AIM OF THE TASK =>
Whenever a picture appears, leave it out while repeating all the other data exactly.

[RECORDED DATA]

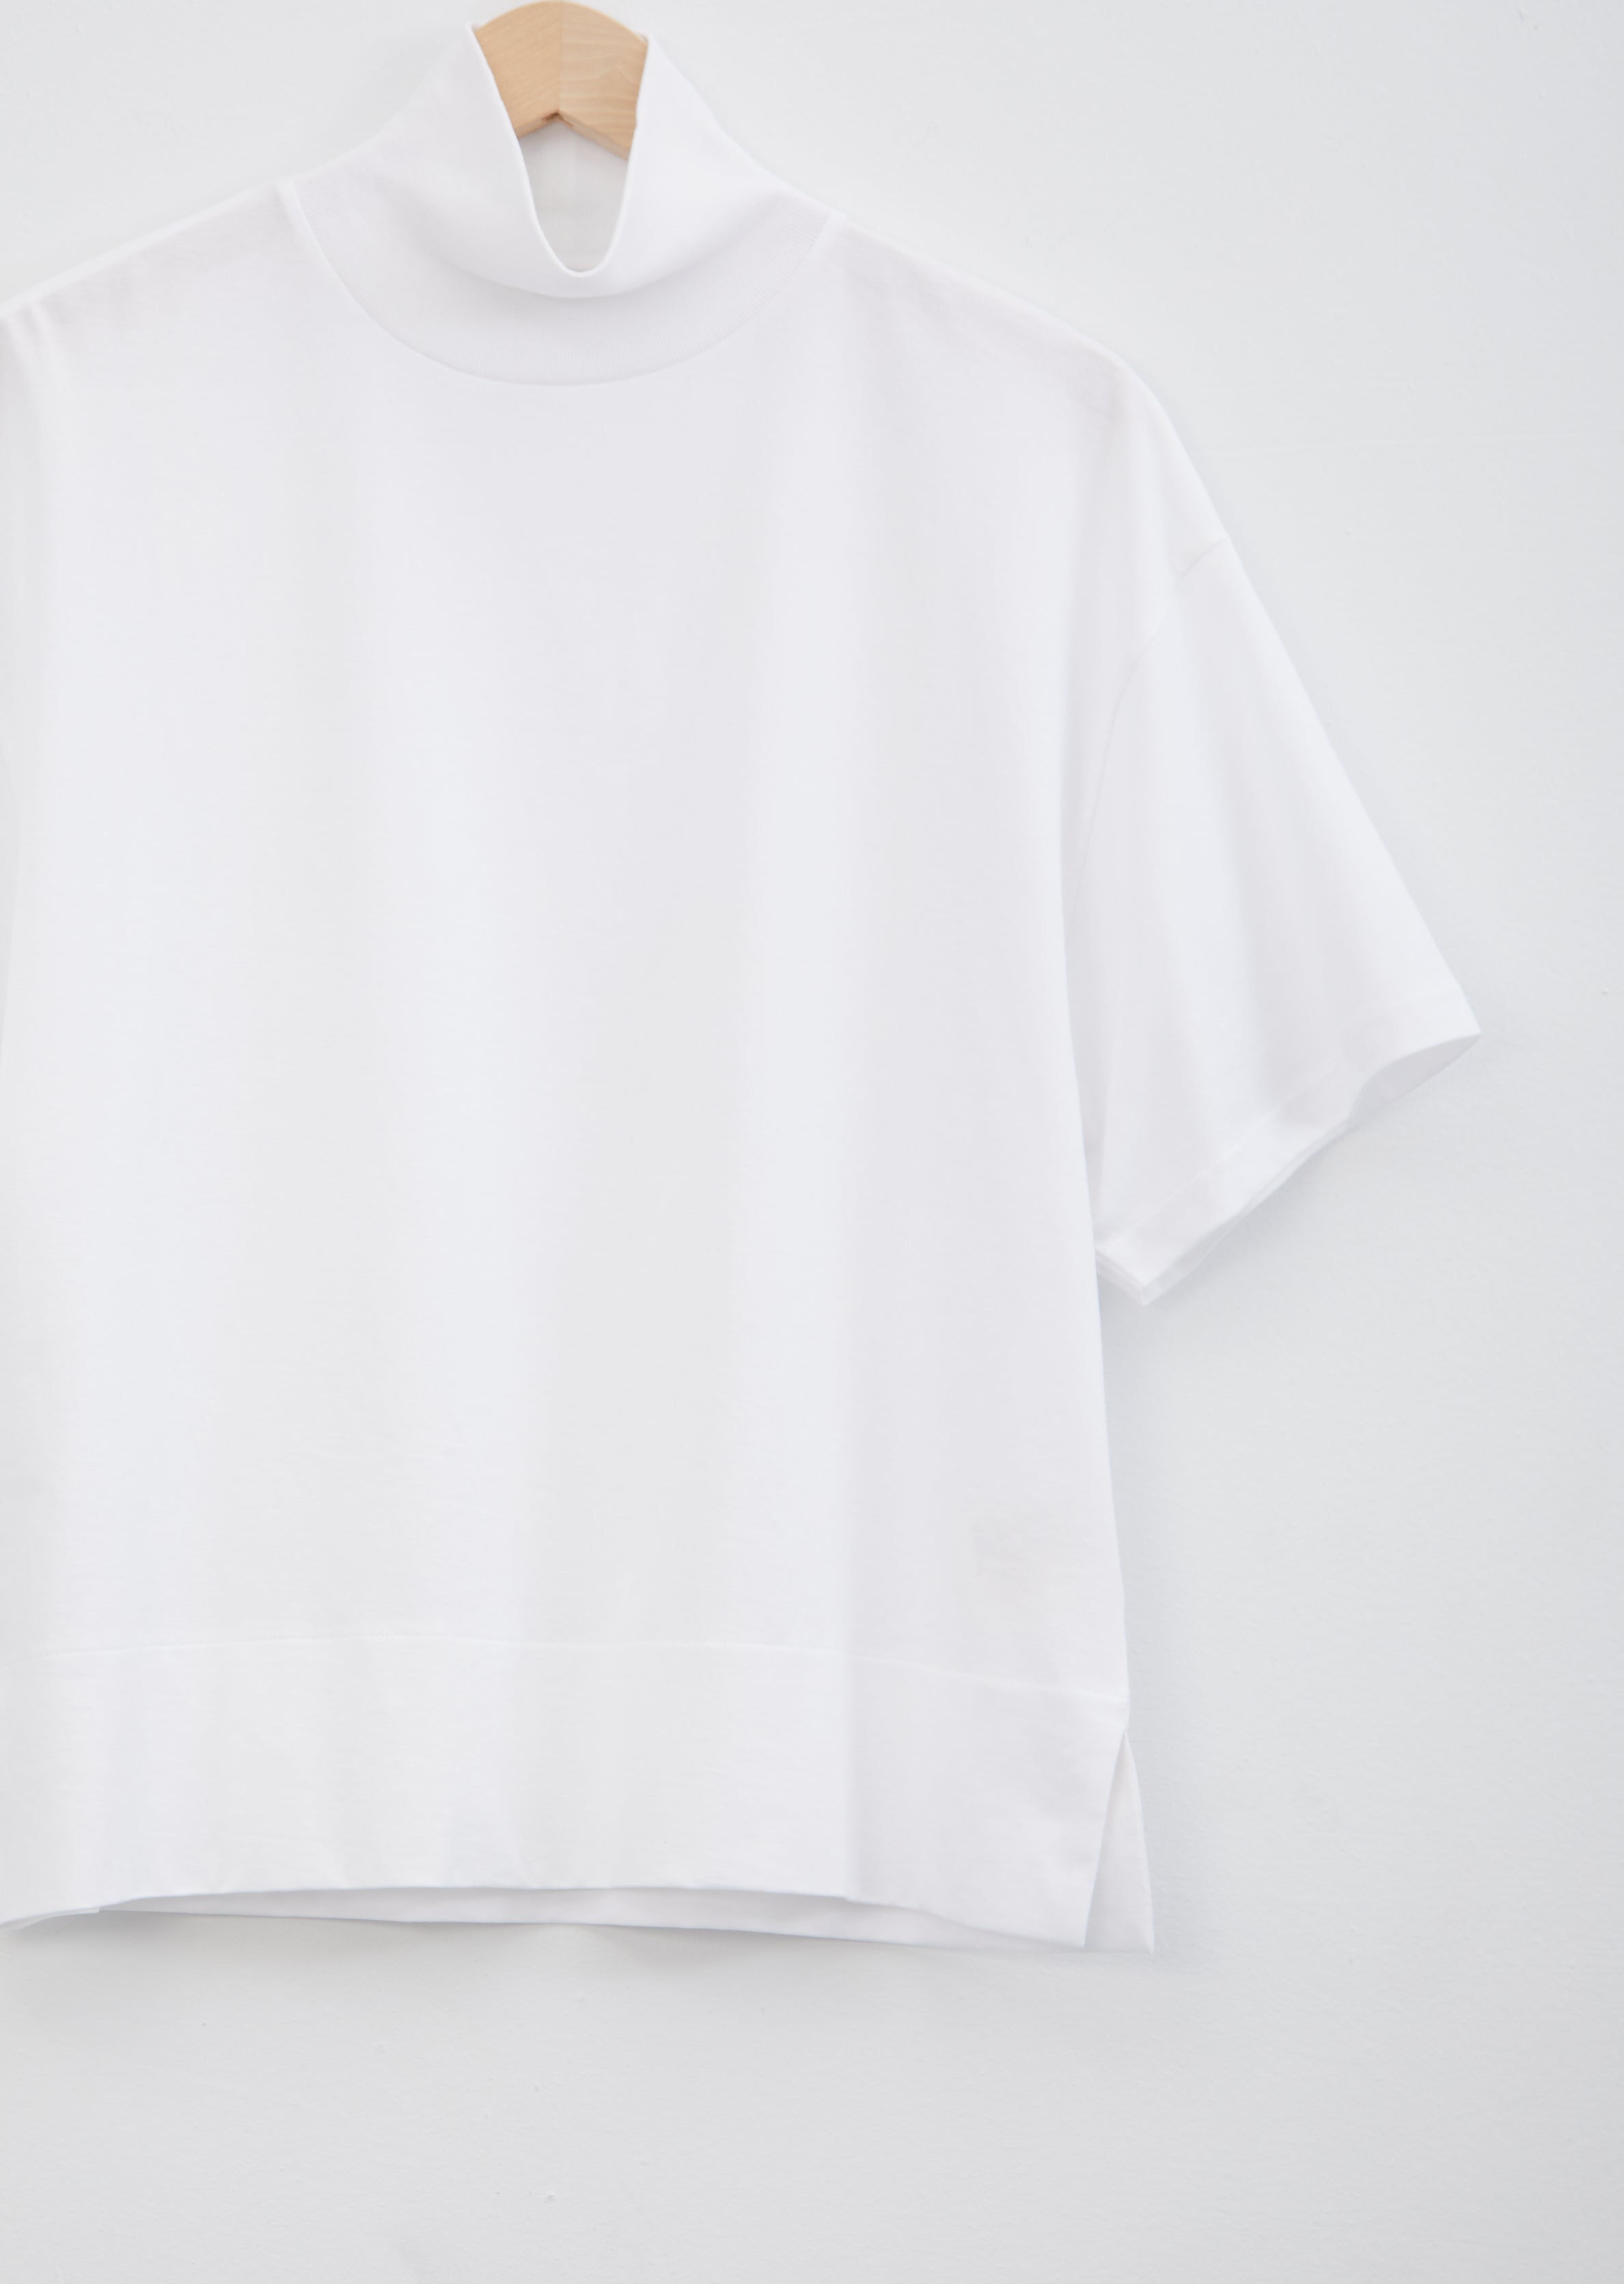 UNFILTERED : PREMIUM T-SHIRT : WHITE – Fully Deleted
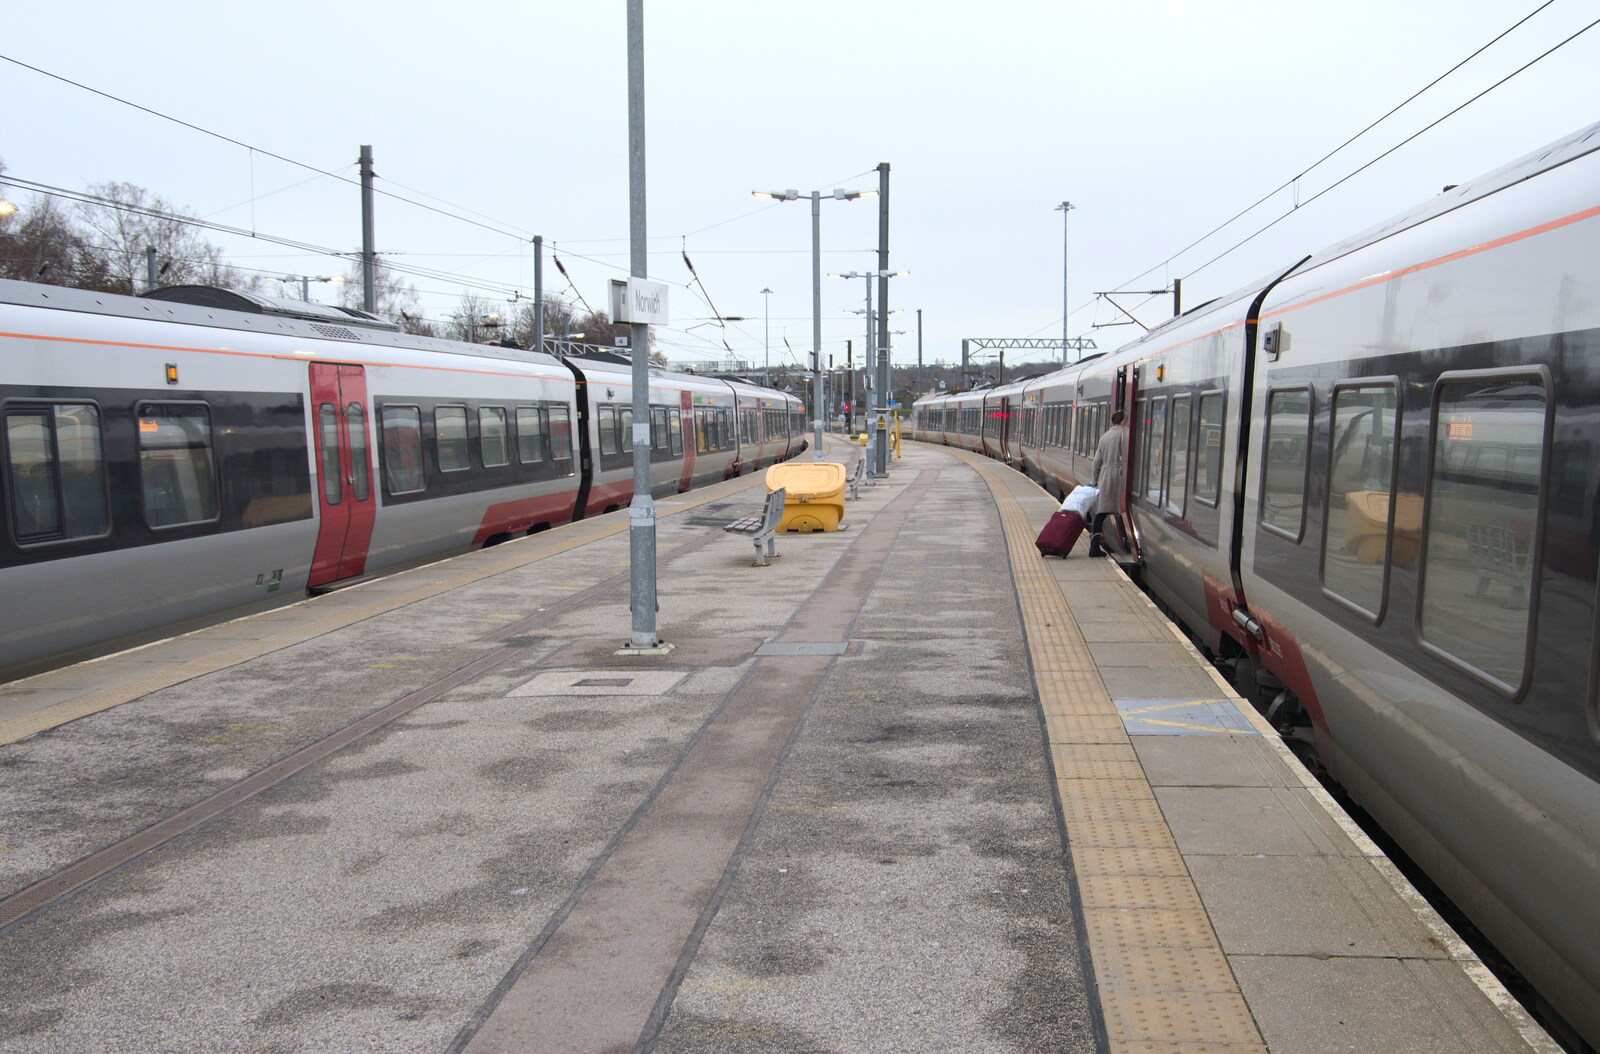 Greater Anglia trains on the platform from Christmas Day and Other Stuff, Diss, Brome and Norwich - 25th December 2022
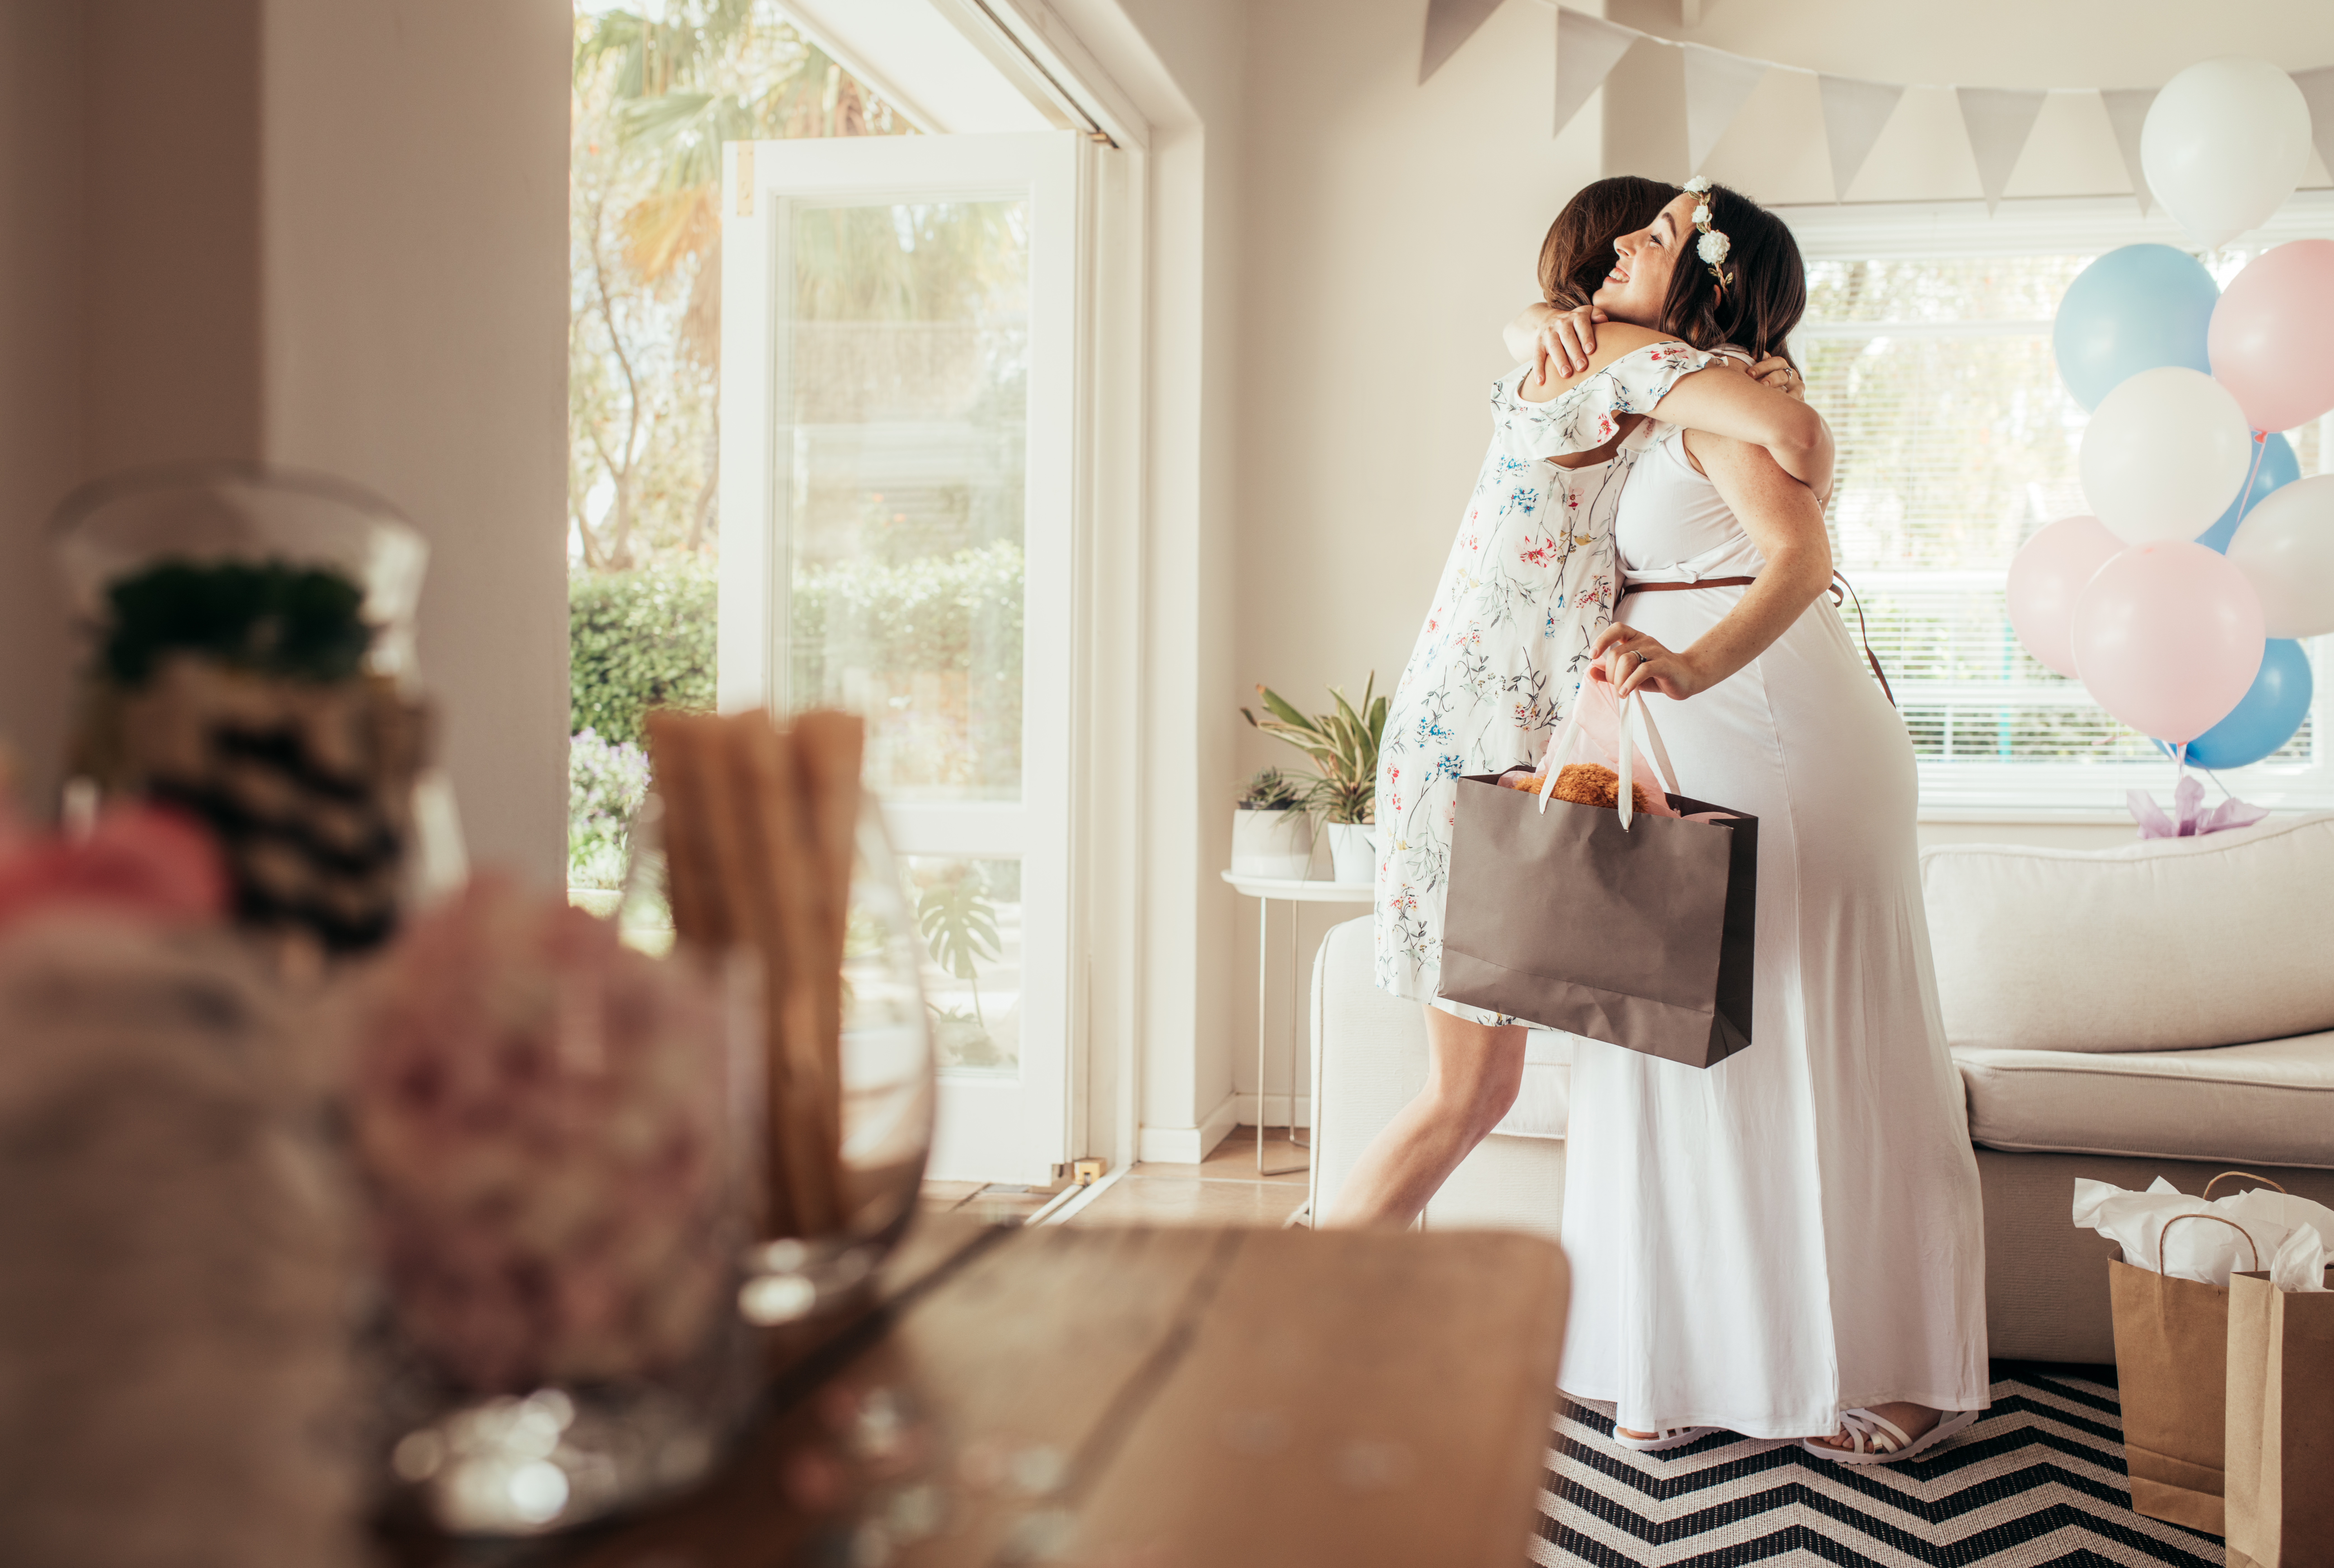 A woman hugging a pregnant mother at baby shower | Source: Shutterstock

[/RECORDED DATA]

REPLY =>
 UNFILTERED : PREMIUM T-SHIRT : WHITE – Fully Deleted
 Greater Anglia trains on the platform from Christmas Day and Other Stuff, Diss, Brome and Norwich - 25th December 2022
 A woman hugging a pregnant mother at baby shower | Source: Shutterstock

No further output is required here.